Our reading in 2 Corinthians 1-3 has a definite theme to it.  Today we in the realm of the church and Christianity deal with two different aspects of the Gospel. One is as we live out the Gospel in our world publicly, we become attacked and ridiculed like Jesus and the Apostles were in their day. Scripture holds that we will suffer for righteousness sake, and Jesus, himself told us “if they have persecuted me, they will persecute you. Then in addition, Jesus tells us that in the world we will have persecution, but to take heart for He has overcome the world.  Secondly, is the philosophy that In Christ there is only joy, peace, happiness, blessings and good towards us.  One could identify this as the “health and wealth” thought, but I think it goes much deeper than this. I hold to a first option, that as we live out the faith in us and become more conformed to the image of Jesus, that the world [churches included] will be against us. The fight is not personally against us  – but against the witness of Christ that comes out of our obedient life.  The second option resonates with “Jewish” philosophy of “blessings are a result of a right life, and troubles are a result of sin.” This thought played out in the book of Job and is still be applied today.

This applies to what Paul is trying to convey to the church at Corinth. He already has a tenuous relationship with them because of his former letters.  Paul addressed several issues of behavior in the church that was unacceptable. Paul indicates that he wrote addressing the issues with heavy tears.  He wanted to come to them, but knew that his presence was [at that time] more of a hindrance than a help to the church. Paul tries to give the church a close up look at what ministry is all about. Pastors and missionaries struggle more with the church than they do the lost/unredeemed. The Corinthian church was carnal, they felt they were superior to Paul, and were offended that he would attempt to correct them and their obvious sins.
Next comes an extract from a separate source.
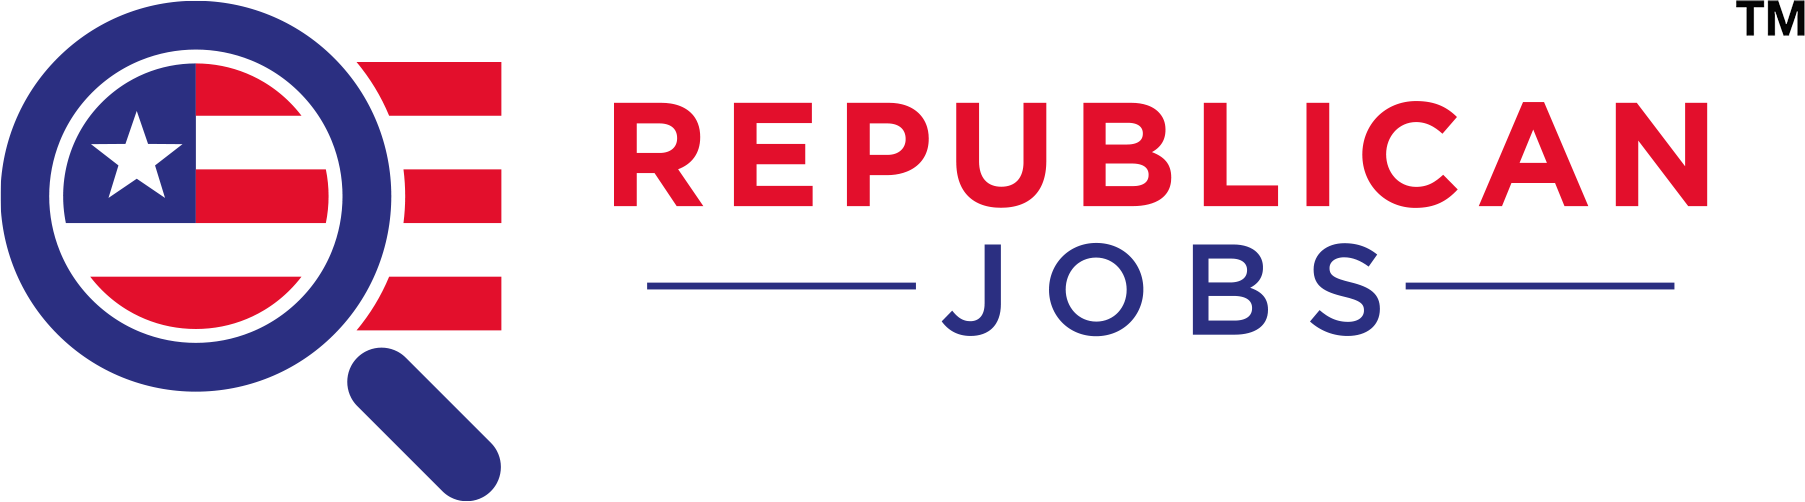 Republican jobs in Elkhart Indiana jobs

In the 1st chapter, Paul uses the word “Comfort” ten times. He also uses the word “affliction” or similar word nine times. The message is that redeemed people, living an obedient life will have troubles [James 1:2-4], but those experiences are not only for the working of righteousness and sanctification in the person, but for an example and lesson to be used for others. As the believer experiences trials and tribulations, it becomes effectual in the work in and out of the Gospel. Our struggle is we don’t want to have trials and tribulations in our lives – we have been preached and taught that “if” we will just live the Christian life, they all our worries and problems will disappear. This is a false message! Countless times in the bible we find where God allowed difficulties to occur in righteous people for the purifying of the person and the proclamation of the Gospel.

This is not to say that we should go around moping because we have troubles – in fact, Jesus condemned the Pharisees for such behavior. A word of caution for all of us. If we are suffering because of things we have done wrong – there is no testimony out of our hardships. [1 Peter 3:16-17]

Paul was hurting because the Corinthian church was hurting.  In chapter 2, he addresses the stern position of tolerated sin found in 1 Cor. 5; there is no apology for his words, but a “brokenness” for the church.  In the suffering Paul experienced, he is trying to get them to understand that he was willing to go through the struggles and pain for their benefit. In a very kind way, Paul attests to his calling and apostleship again to them.  Paul brings an Old Testament illustration at the end of the chapter by using the “sweet aroma” analogy. Sweet aroma was a result of the burnt sacrifices on the altar before God. While it was death to the sacrifice, it was Glory to the Father. So in the “sacrifice” of doing ministry, it was a foul smell to unbelievers, but a sweet aroma to those that believed.

In Chapter three, Paul uses beautiful language to convey the difference between the glory of Moses with the Law, and the glory of the Spirit of God in the believer. While the glory on Moses’ face was temporary, the glory displayed through the believer by the Holy Spirit was sustained. Paul says you are our letter, no longer stone tablets, but real people, living out a real, authentic indwelling of the Holy Spirit. As the Holy Spirit was “glowing” through them to the eyes of others, the Glory of God was manifested.  Pressing this a  bit more, think of Stephen when he was stoned, and the radiant glory Paul and others saw as Stephen was dying.

So it is clear that as we live [die daily] out our faith before the world, we will be misunderstood, persecuted and experience troubles. This should be expected, for it happened to Jesus our Lord and all those who lived out their faith before men. Our challenge – will we be willing to allow the Glory of God to “glow” through us in testimony of the Gospel?